Corryocactus pulquinensis
- Conservation status: Endangered (IUCN 3.1)

Scientific classification
- Kingdom: Plantae
- Clade: Embryophytes
- Clade: Tracheophytes
- Clade: Spermatophytes
- Clade: Angiosperms
- Clade: Eudicots
- Order: Caryophyllales
- Family: Cactaceae
- Subfamily: Cactoideae
- Genus: Corryocactus
- Species: C. pulquinensis
- Binomial name: Corryocactus pulquinensis Cárdenas 1957

= Corryocactus pulquinensis =

- Authority: Cárdenas 1957
- Conservation status: EN

Species of cactus

Corryocactus pulquinensis is a species of Corryocactus found in Bolivia.
==Description==
Corryocactus pulquinensis is a sparsely branched, shrubby cactus that grows prostrate or climbing. Its bright green stems can reach 3 to 4 meters in length and 3 to 4 centimeters in diameter. The stems feature 4 to 5 blunt, notched ribs bearing areoles.
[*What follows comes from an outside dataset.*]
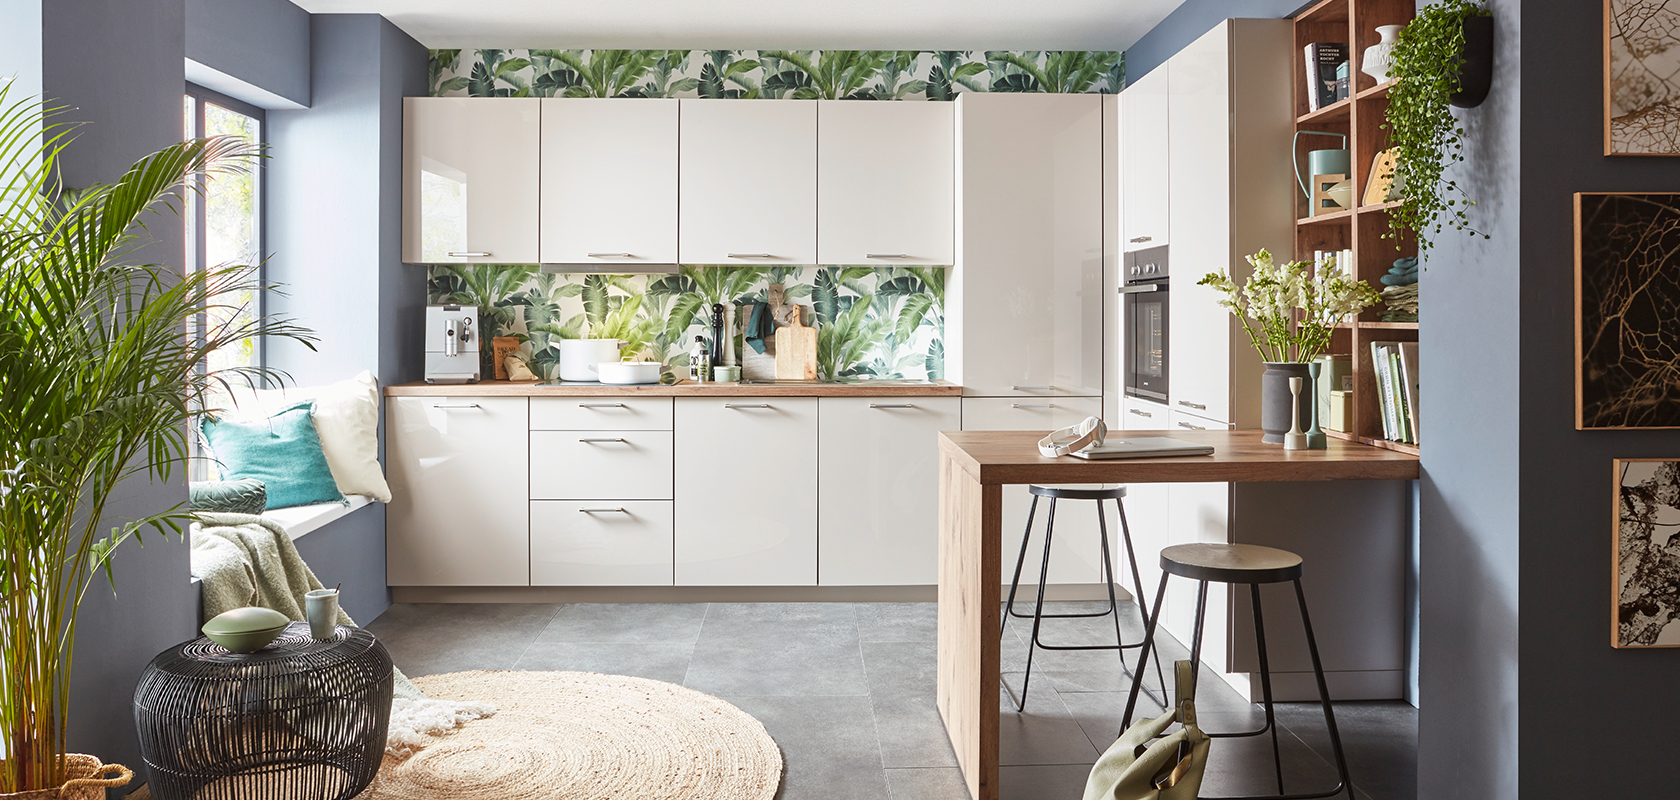 Interior de cocina moderna con gabinetes blancos, papel tapiz tropical, encimera de madera, taburetes de bar elegantes y acentos de plantas verdes creando un espacio acogedor y contemporáneo.

Each areole contains 3 to 7 needle-like or awl-shaped white spines with darker tips, measuring 0.5 to 2 centimeters long. These spines are slightly pressed against the stem and are not clearly distinguishable as central and radial, with three of them directed downwards. Funnel-shaped to bell-shaped flowers, ranging from golden yellow to orange, appear in clusters of 3 to 4 near the stem apex. These flowers are 7 to 7.5 centimeters long.
==Distribution==
Native to eastern Bolivia, specifically the Santa Cruz department, Corryocactus pulquinensis primarily inhabits desert or dry scrub biomes at altitudes around 1500 meters.
==Taxonomy==
The species was first described by Bolivian botanist Martín Cárdenas Hermosa in 1957 and named after the Bolivian town of Pulquina, its type locality.